S26: Price Wars

Business History of Modern China

November 14, 2025

A Delivery Rider Sings: Afterwards

Meituan: King of Delivery

  • 2015: Merger of Meituan Corporation (Meituan) and Dianping Holdings (Dianping)
  • 2018: IPO the Hong Kong Stock Exchange
  • Third-largest Chinese tech company by market capitalization in 2020, trailing Alibaba and Tencent

China’s Food Deliverers

  • China has over 10 million delivery riders.
  • As of 2025, Meituan’s rider base has grown to 7.45 million, with an annual growth rate of nearly 20%. Ele.me has over 4 million riders.
  • Scale in perspective: The combined number of registered riders from Meituan and Ele.me exceeds the permanent population of Hong Kong in 2023 and the total population of Hainan Province.

Key Questions

  • How did Meituan, a food delivery app, become one of China’s leading tech firms?
  • Gig economy and labor: What’s the deal for delivery workers?
  • Platform economics and monopoly power: What is a “super app”? How does its algorithm shape Chinese economy and society?

Delivery Apps: Chinese vs. US

  • Have you used a food delivery app? What’s the experience?
  • How are American/Chinese food delivery apps similar/different?
  • How do the platforms work with merchants?

Food Delivery Market in the US

Meituan’s Business

Business model: “food + platform” strategy:

  • Focus 1: Food consumption (essential, frequent purchase): services across the food value chain (reviews, booking, discounts, dining, takeout).
  • Focus 2: Online-to-offline platform connecting consumers and merchants: digital solutions like online reviews, digital payments, and order management.

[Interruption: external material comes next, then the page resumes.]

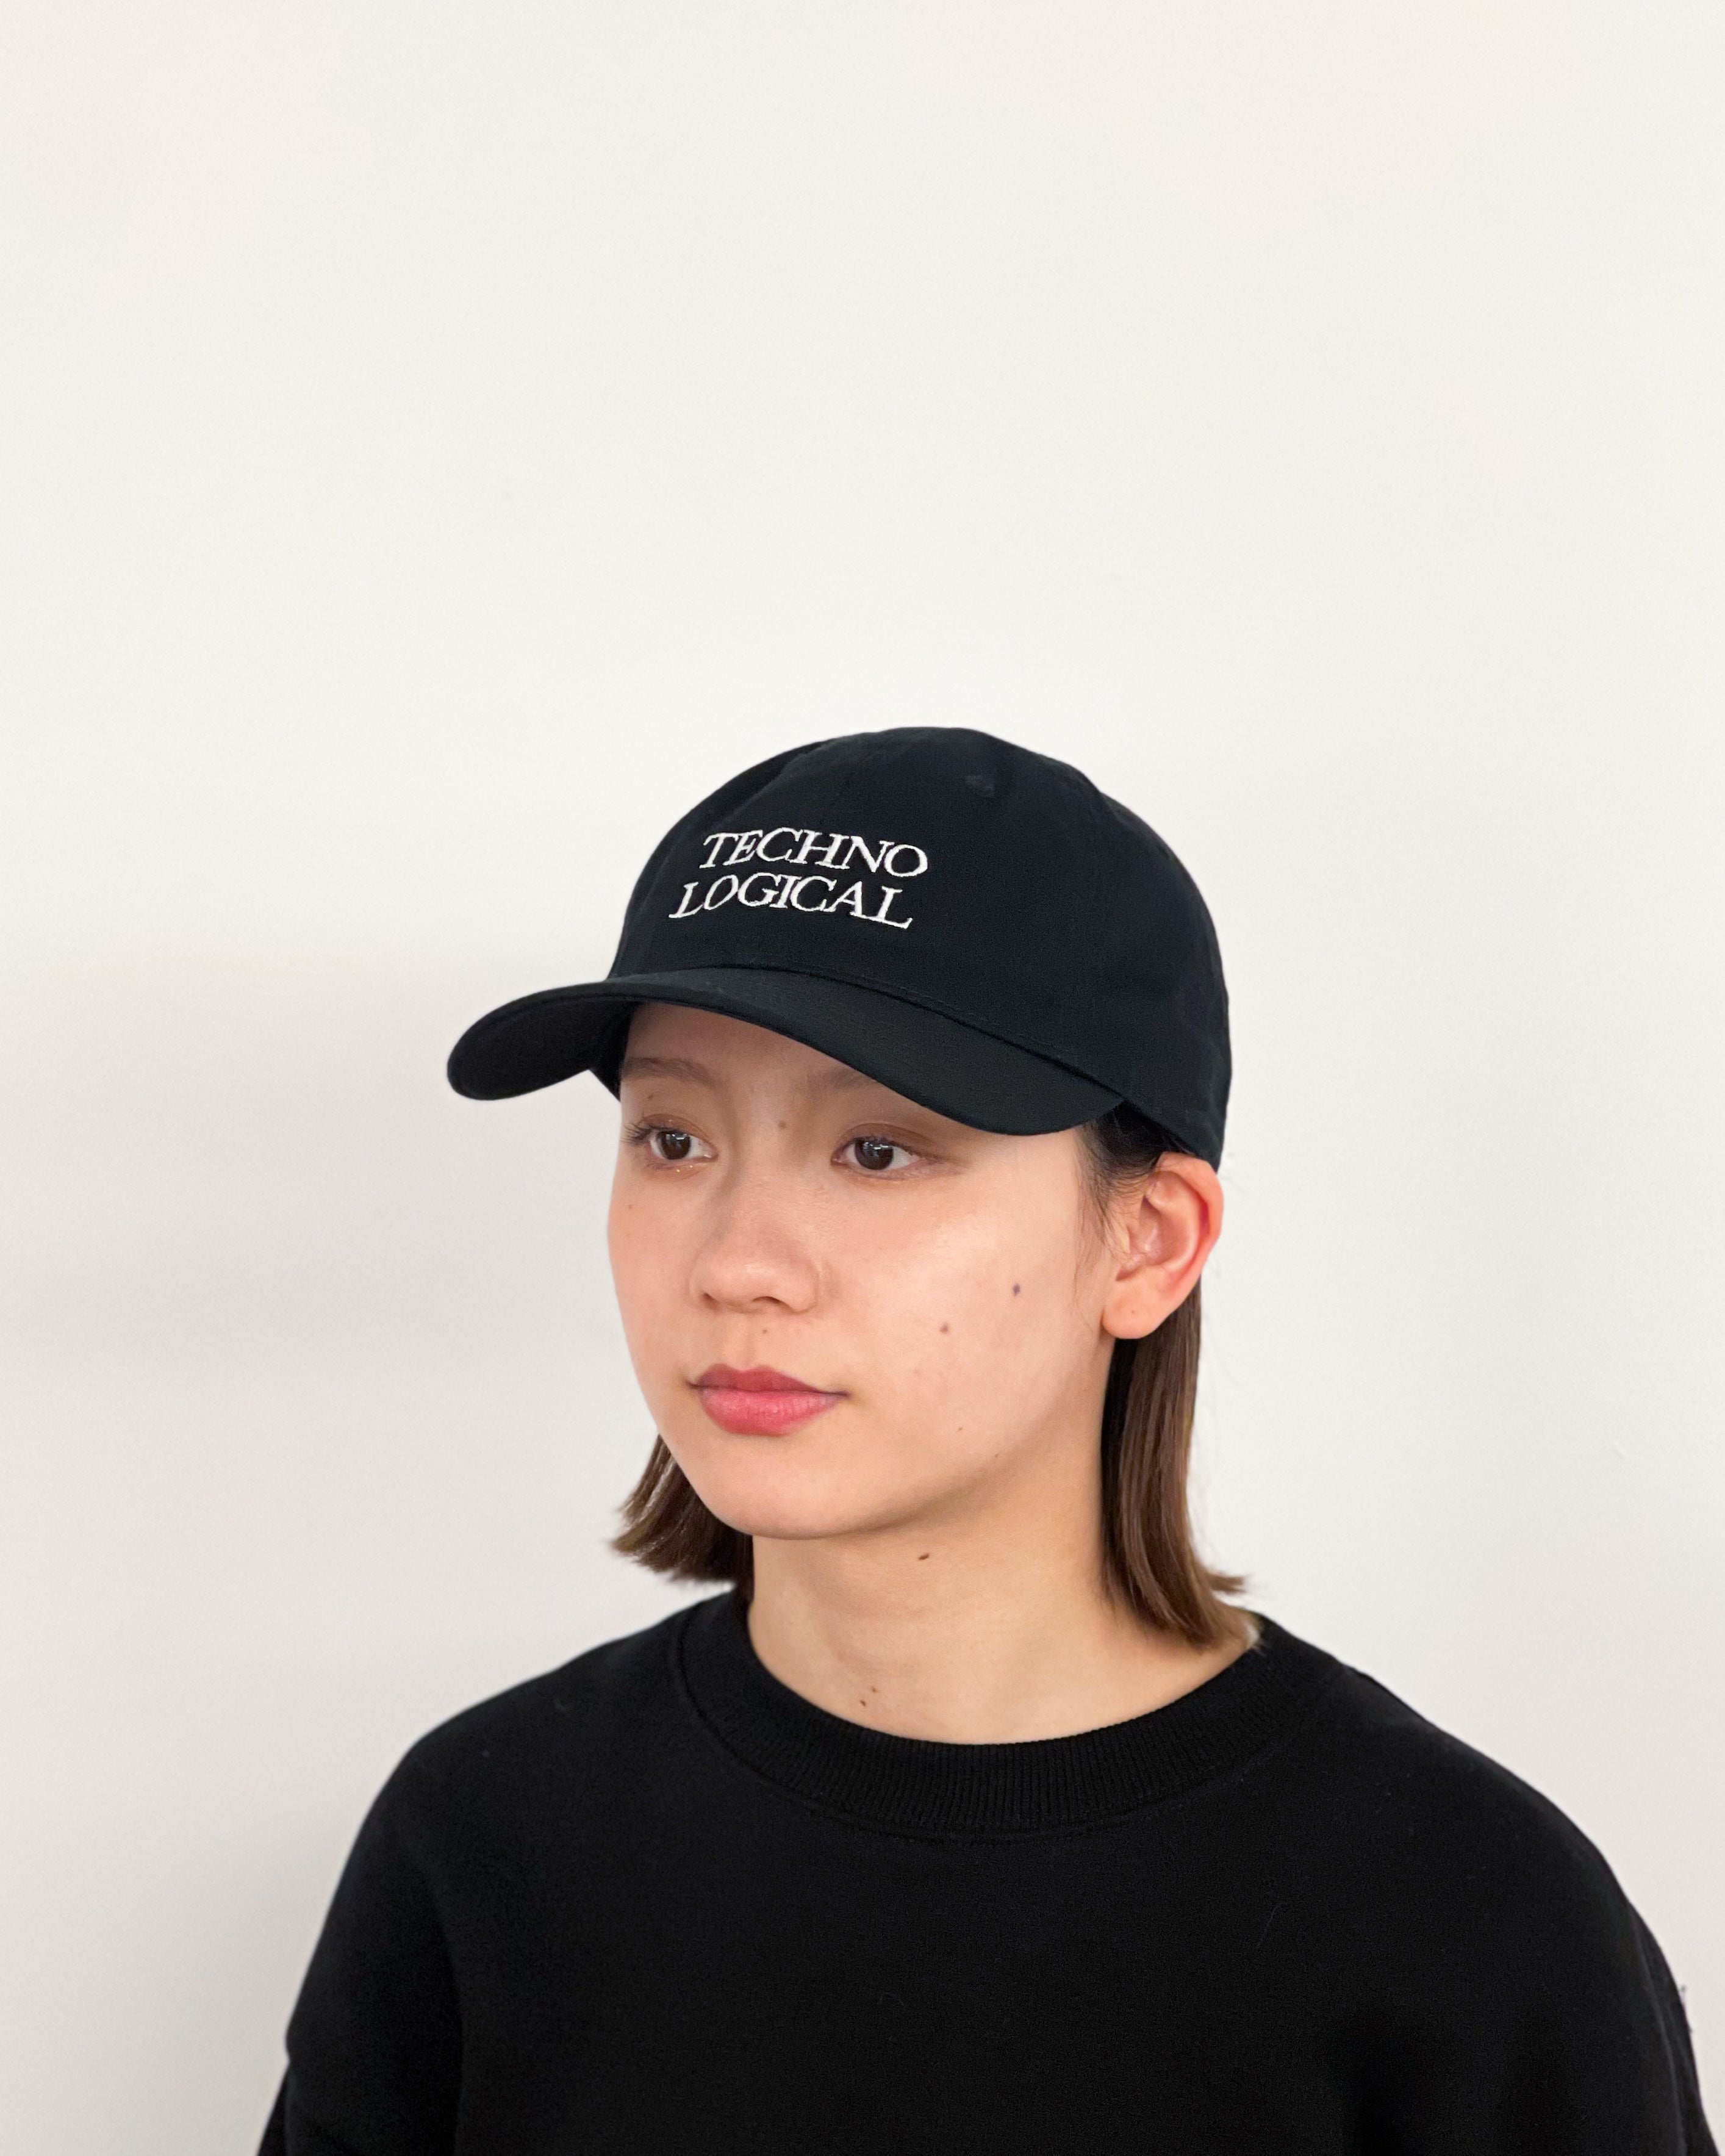 【IDEA】 TECHNO LOGICAL HAT - BLACK

Meituan: Expansion Strategy

  • Meituan.com was cofounded in March 2010, offering local deals for services.
  • Intense competition in China between 2009 and 2014 was known as the “Thousand Groupon War.”
  • In 2011, Meituan focused on low-tier cities, unlike competitors and built local offline sales teams to help businesses go online.
  • Meituan partnered with popular local restaurants, offering sales guarantees for exclusive online rights. Featured items had deep discounts, and Meituan took a cut of sales.
  • Merchant numbers grew from 2,400 to 900,000 between 2010 and 2014.

Dianping

  • Tao Zhang launched Dianping.com in 2003, having studied and worked in the US for 10 years.
  • Yelp’s success in the US led to Dianping receiving its first investment from Sequoia Capital China in 2006.
  • Dianping collected more detailed user ratings than Yelp (e.g., food quality, service, decor) and offered featured dish recommendations.
  • Dianping was an early adopter of the web-to-mobile trend, offering in-store services via its app by 2013.

Groupon War, Proxy War?

  • Meituan, Dianping, and Nuomi were the top three group purchase platforms by 2015, backed by Alibaba, Tencent, and Baidu.
  • Amid price war, Sequoia Capital China pushed for a merger between Meituan and Dianping to prevent cash depletion and defeat Nuomi.
  • Tencent, a Dianping investor, supported the merger to build business ecosystems by taking minority stakes in start-ups and integrating their services with its WeChat app.

Meituan’s New Expansion

Wang Xing, co-CEO

The merged company, NMD, was established in 2015 with a co-CEO system and an integration committee for post-merger management.

  • What did Meituan do next?
  • Should it venture into new business areas?
  • What could be the new areas of growth?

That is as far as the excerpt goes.